The susceptible-infected-recovered/removed (SIR) pandemics model developed originally by Kermack and McKendrick [1] and refined by Kendall [2] is the simplest model, but is still a realistic compartment model where persons from a considered population are assigned to the three compartments S (susceptible), I (infectious) and R (recovered/removed). The infection ($a\left(t\right)$) and recovery ($\mu \left(t\right)$) rates then regulate the transition probability between the compartment fractions. Later refinements of the SIR-model such as the SEIR [3,4,5,6,7,8,9,10,11,12], SVEIR [13,14], SEIRD [15], SIRD [16,17,18], SIRS [19,20] and SIRV [21,22,23,24] have introduced additional compartments (for reviews, see refs. [25,26,27,28,29,30,31]). The SIR-epidemic model provides a good explanation for the temporal evolution of COVID-19 waves from different mutants [32,33,34].

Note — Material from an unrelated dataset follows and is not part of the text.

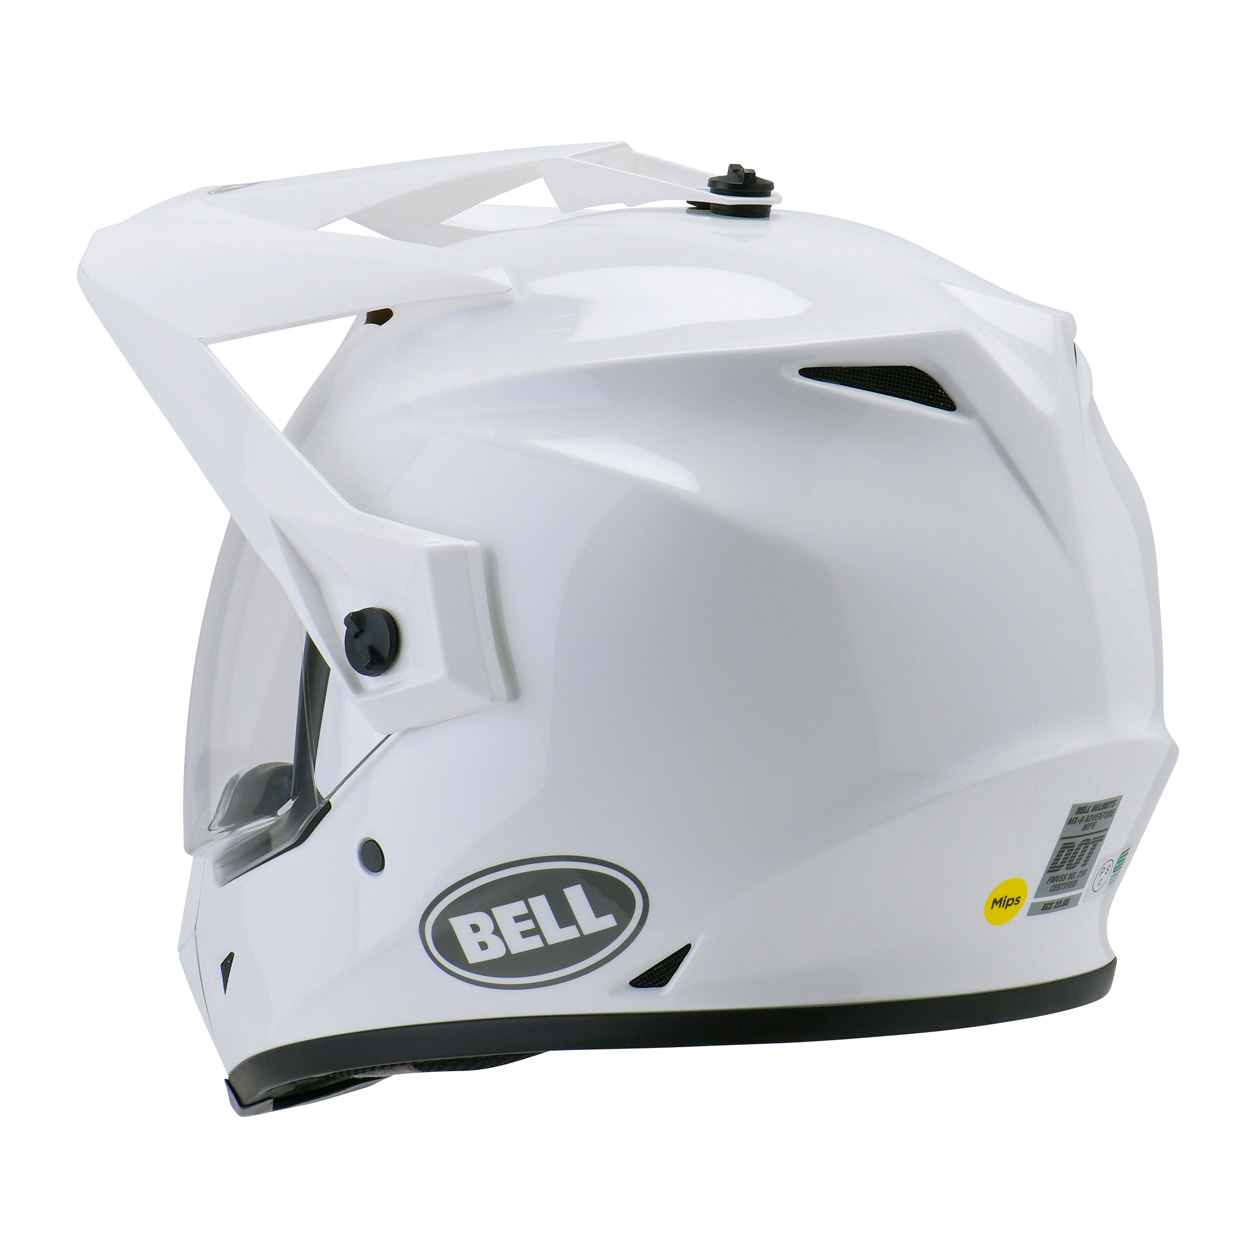 BELL(ベル) バイク オフロードヘルメット MX-9 ADVENTURE MIPS ダルトン ホワイト ハイビズイエロー L ホワイト  ハイビズイエロー 通販
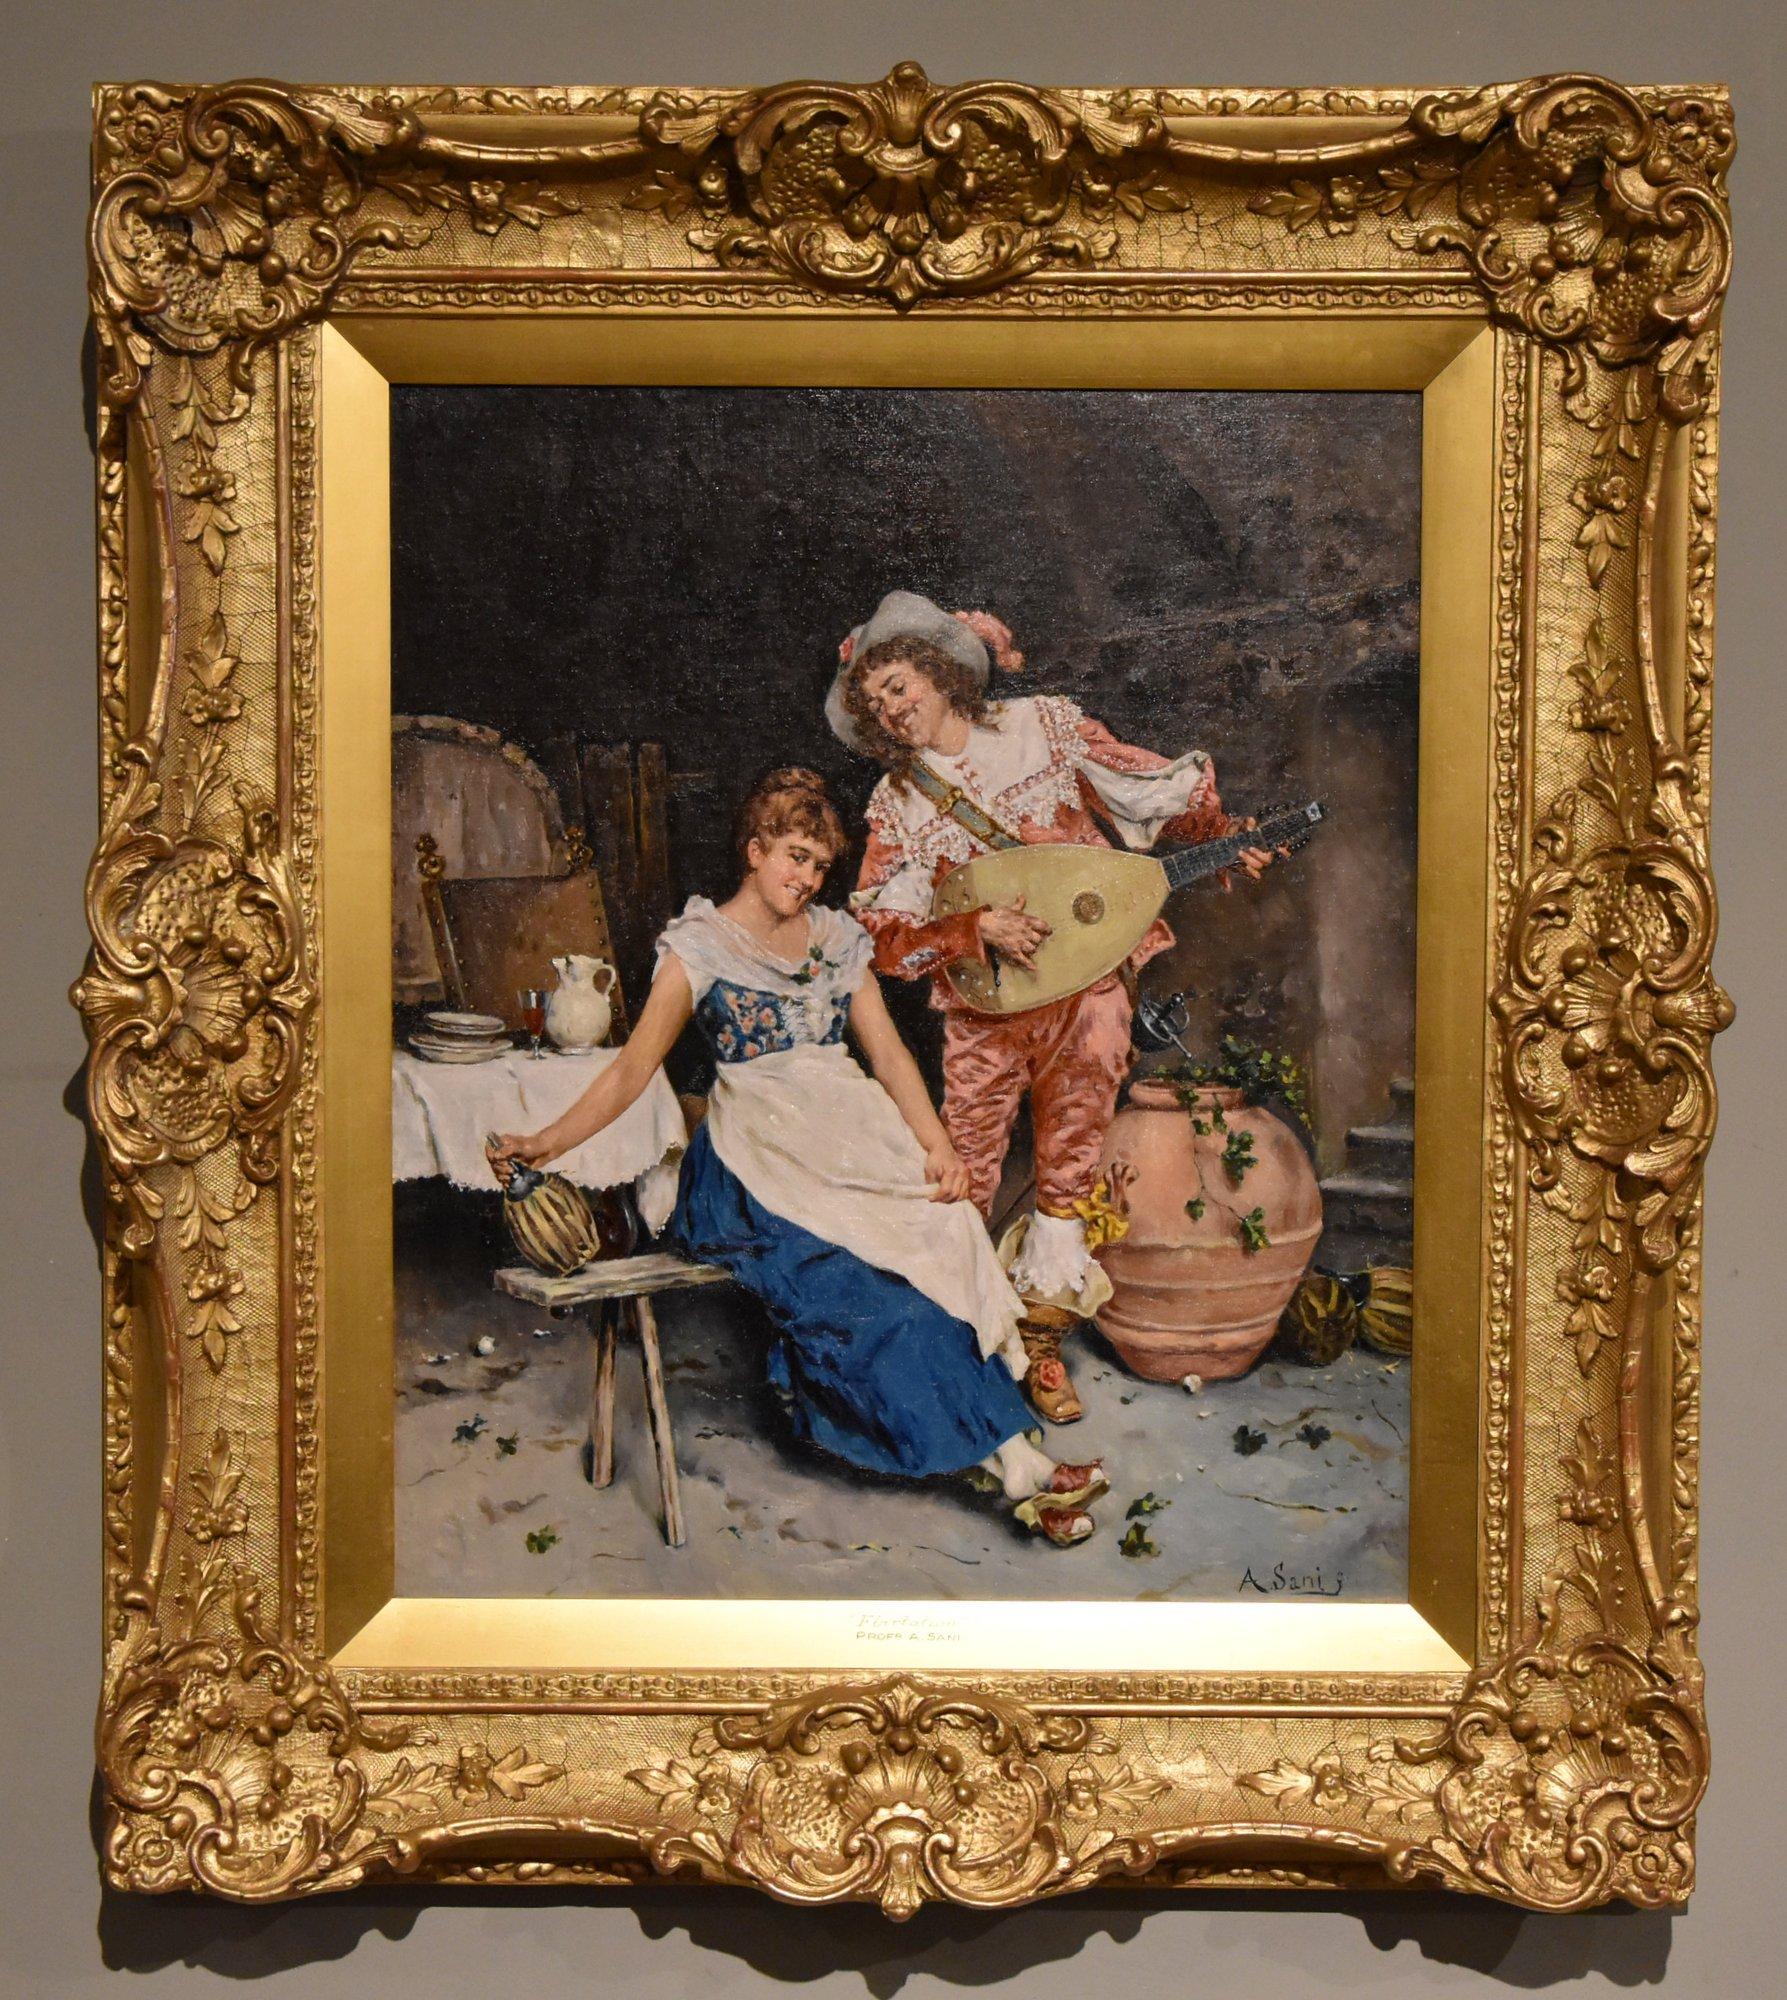 Ölgemälde-Paar von Alessandro Sani "Flirt" 1856 - 1927. Italienischer Maler von häuslichen und historischen Szenen und Professor für Kunst. Mit Sitz in Florenz, malte Mönche, Köche und Kavaliere. In mehreren guten Sammlungen zu finden, darunter die

An important key parameter of the SIR pandemics model is the ratio, $k\left(t\right)=\mu \left(t\right)/a\left(t\right)$, of the recovery to infection rate. Existing analytical solutions to the SIR equations in the literature have adopted originally stationary values of $\mu \left(t\right)={\mu }_0$ and $a\left(t\right)=a_0$ leading to the Kermack and McKendrick integral solution [1]. Recently [35,36], this integral solution was generalized to arbitrary time-dependent infection rates, $a\left(t\right)$, assuming a stationary value of the ratio $k\left(t\right)=k_0$ so that the recovery rate has the same time dependence as the infection rate. $k_0=R_0^{-1}$ is identical to the inverse basic reproduction number $R_0$. A further generalization to slowly time-dependent ratios $k\left(t\right)$ is also possible [37].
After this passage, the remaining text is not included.